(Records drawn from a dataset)
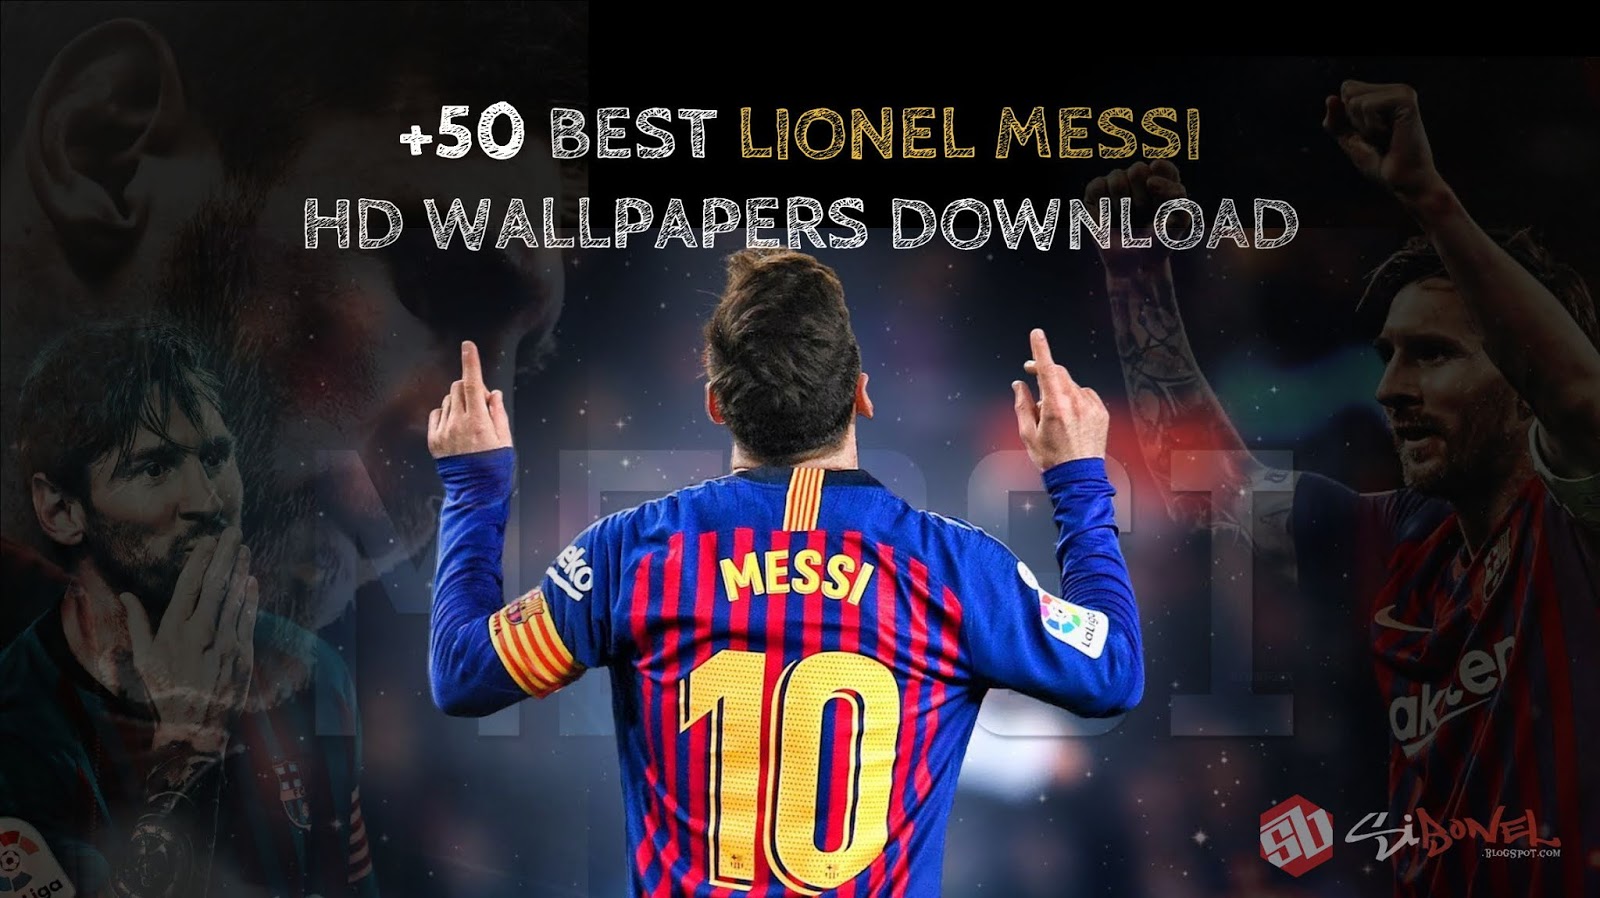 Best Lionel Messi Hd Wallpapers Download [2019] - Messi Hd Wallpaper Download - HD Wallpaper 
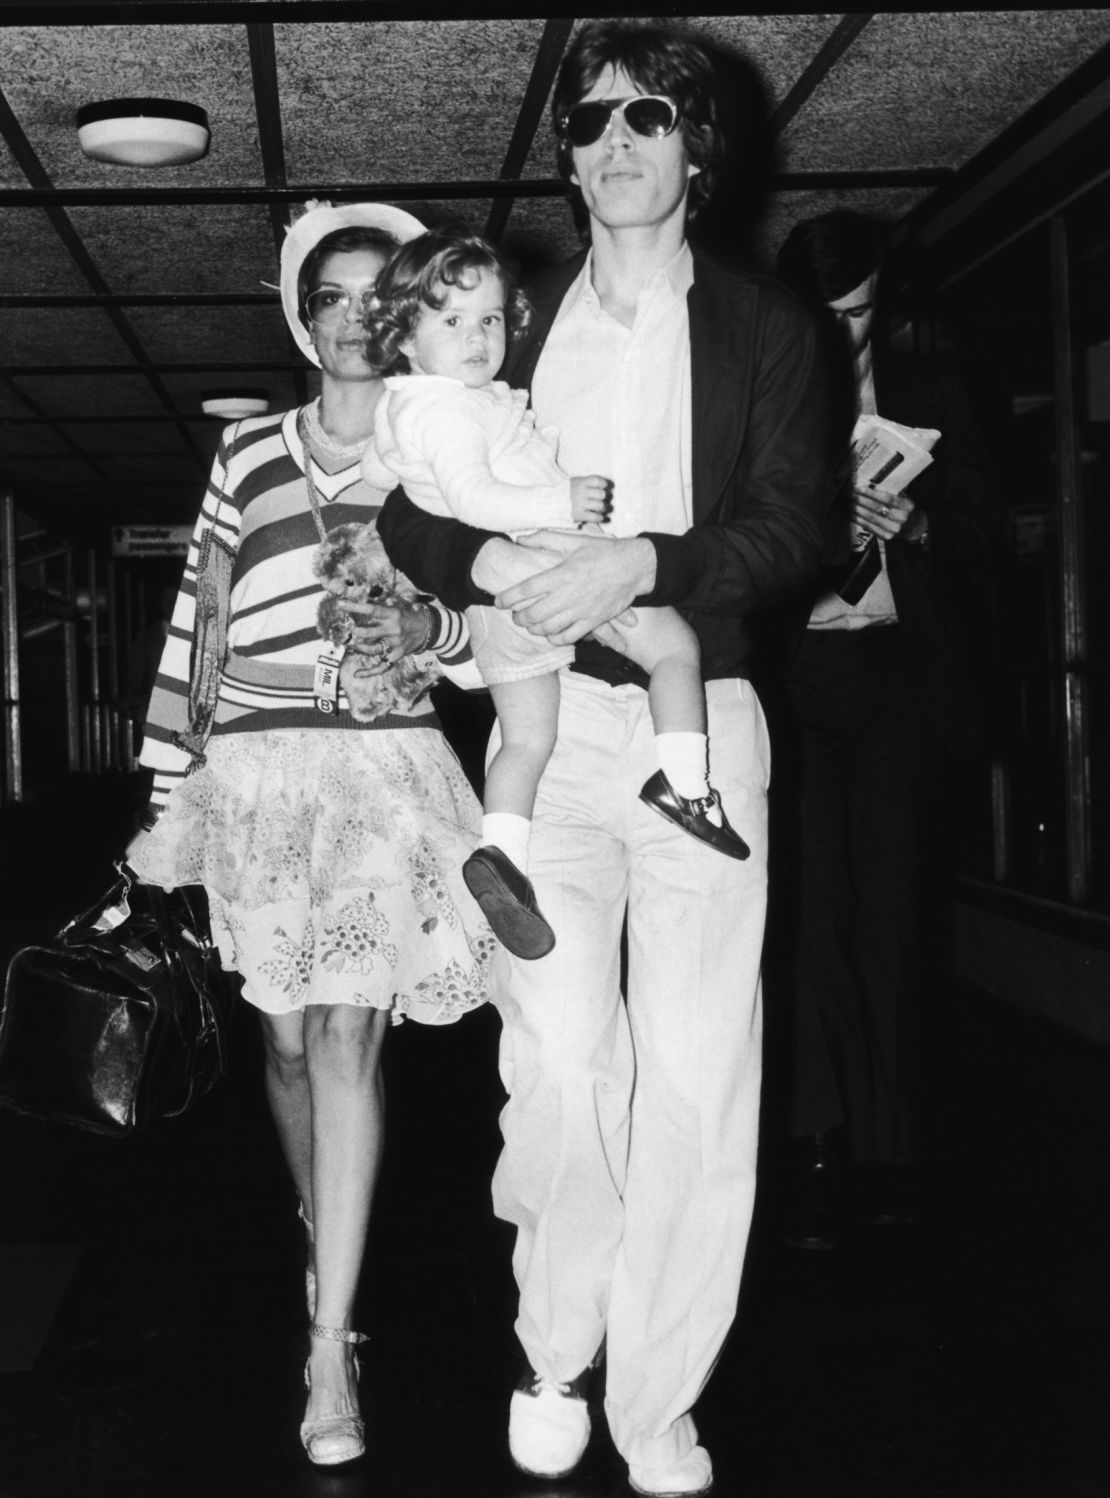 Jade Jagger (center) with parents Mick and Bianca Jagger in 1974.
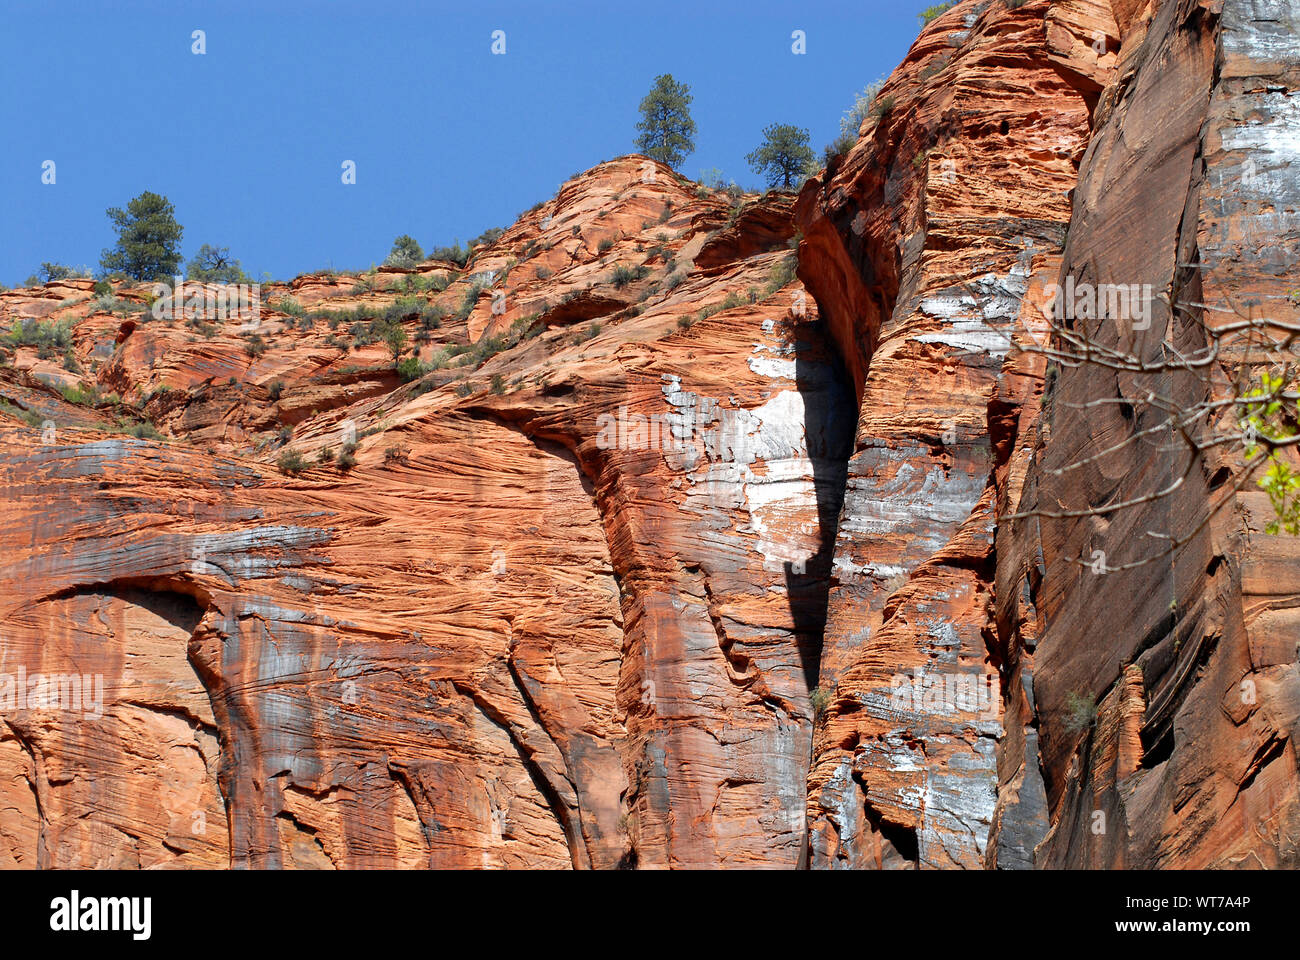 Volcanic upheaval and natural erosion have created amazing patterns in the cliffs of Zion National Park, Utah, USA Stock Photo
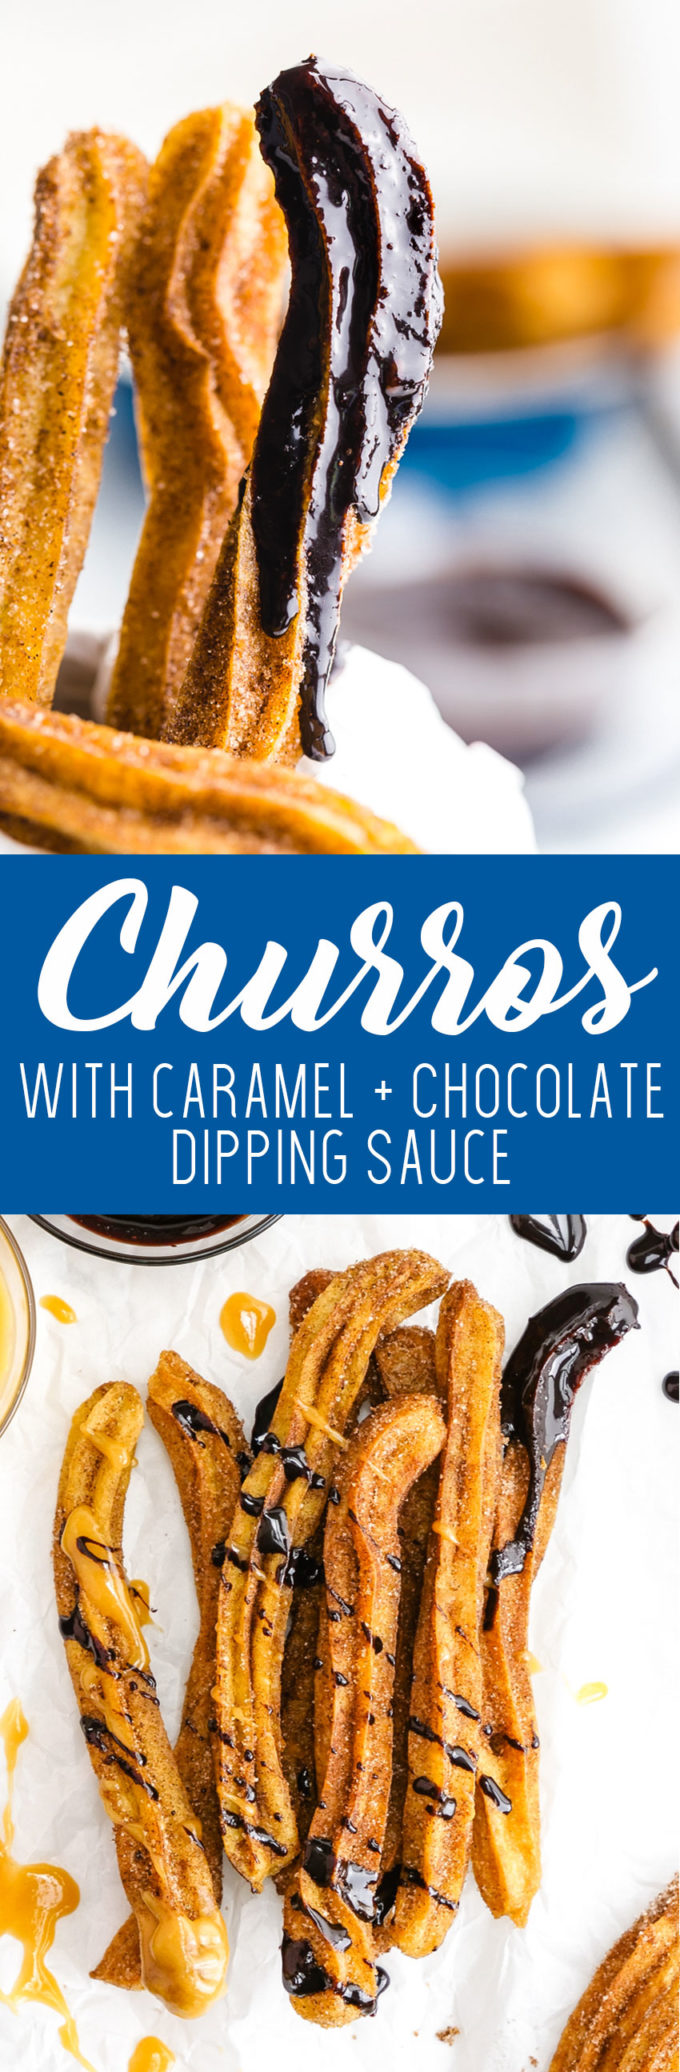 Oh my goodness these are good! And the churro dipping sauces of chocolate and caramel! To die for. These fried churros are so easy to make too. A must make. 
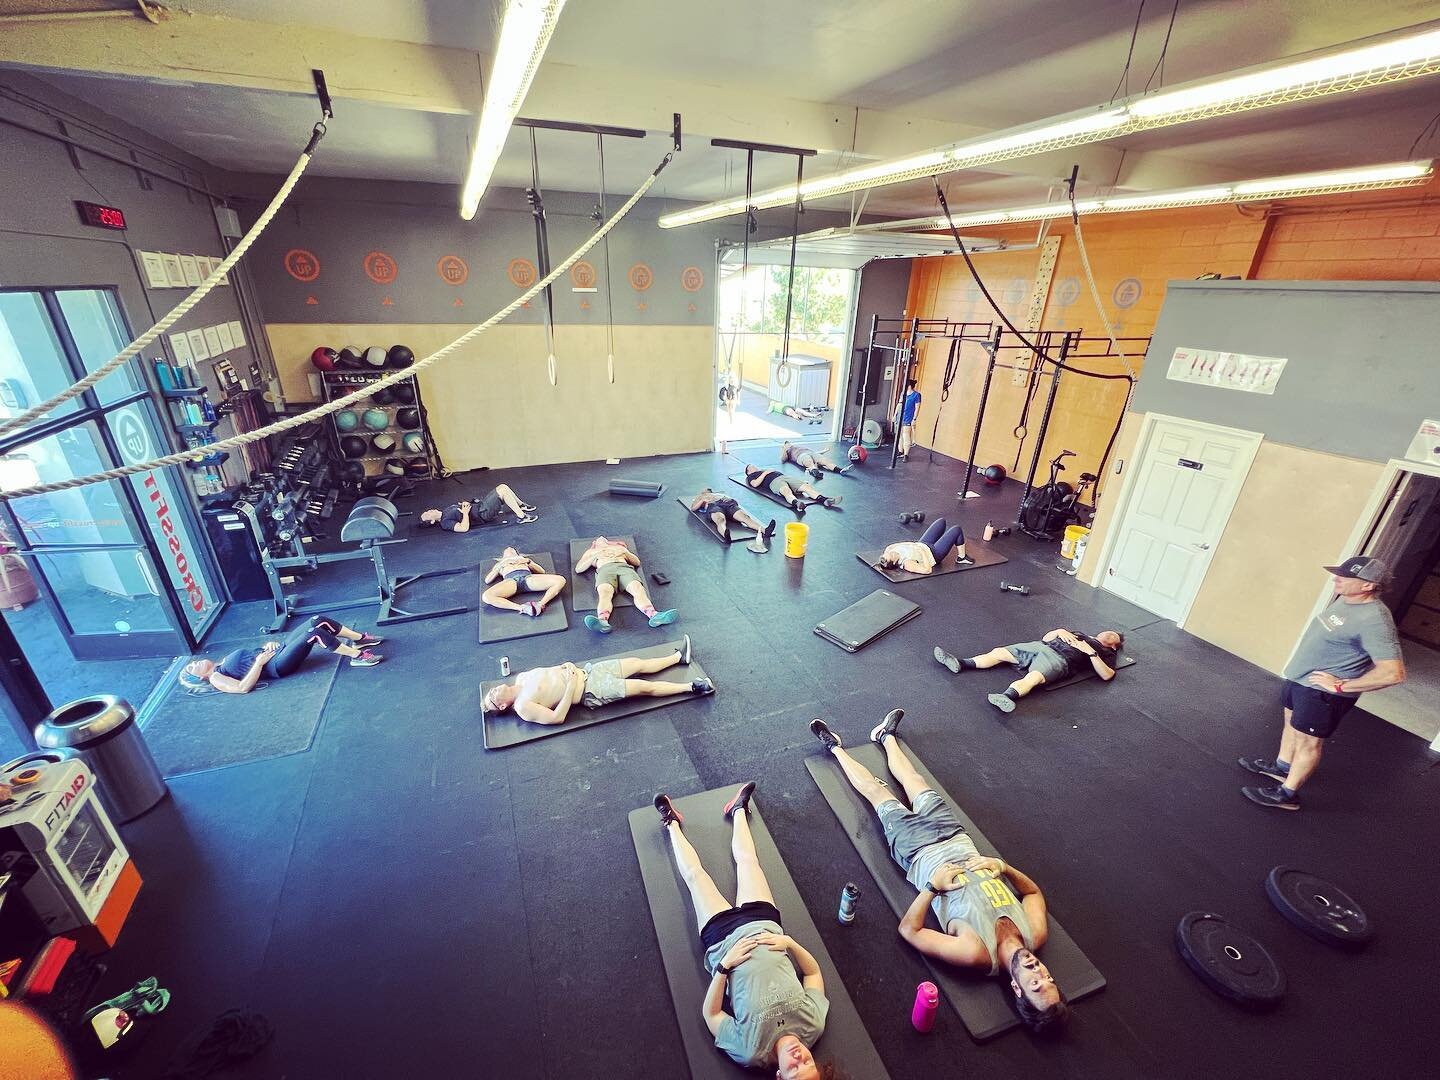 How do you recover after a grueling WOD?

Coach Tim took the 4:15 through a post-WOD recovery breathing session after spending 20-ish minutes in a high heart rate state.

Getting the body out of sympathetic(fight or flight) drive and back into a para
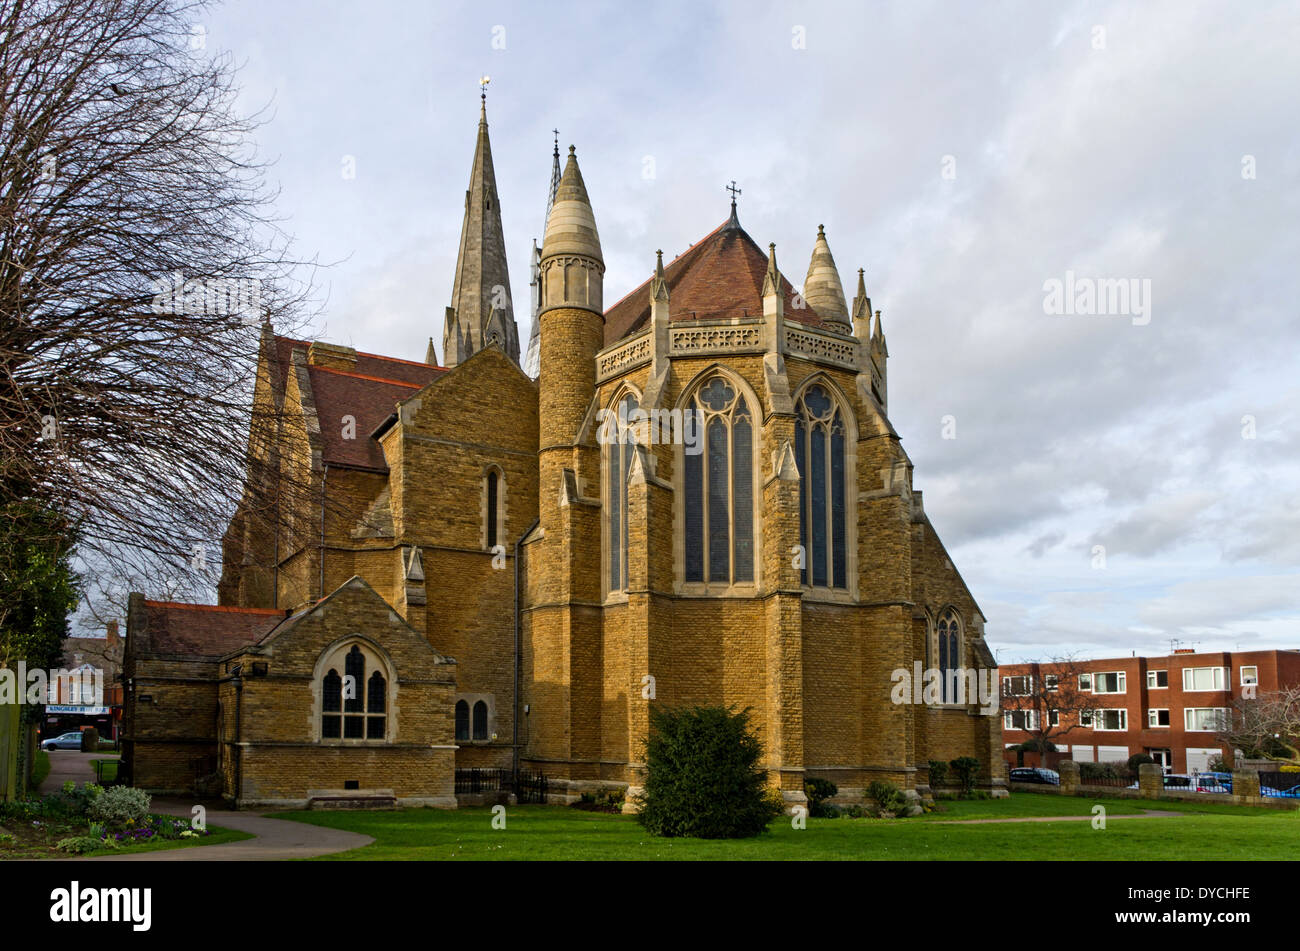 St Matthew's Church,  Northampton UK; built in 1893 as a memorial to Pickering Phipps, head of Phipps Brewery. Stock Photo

WORK TO BE COMPLETED
Please retype the lines from the one containing "How do you recover after a grueling WOD?" through the last line of the records above, exactly as written, and leave out any pictures.

OUTPUT
 How do you recover after a grueling WOD?

Coach Tim took the 4:15 through a post-WOD recovery breathing session after spending 20-ish minutes in a high heart rate state.

Getting the body out of sympathetic(fight or flight) drive and back into a para
 St Matthew's Church,  Northampton UK; built in 1893 as a memorial to Pickering Phipps, head of Phipps Brewery. Stock Photo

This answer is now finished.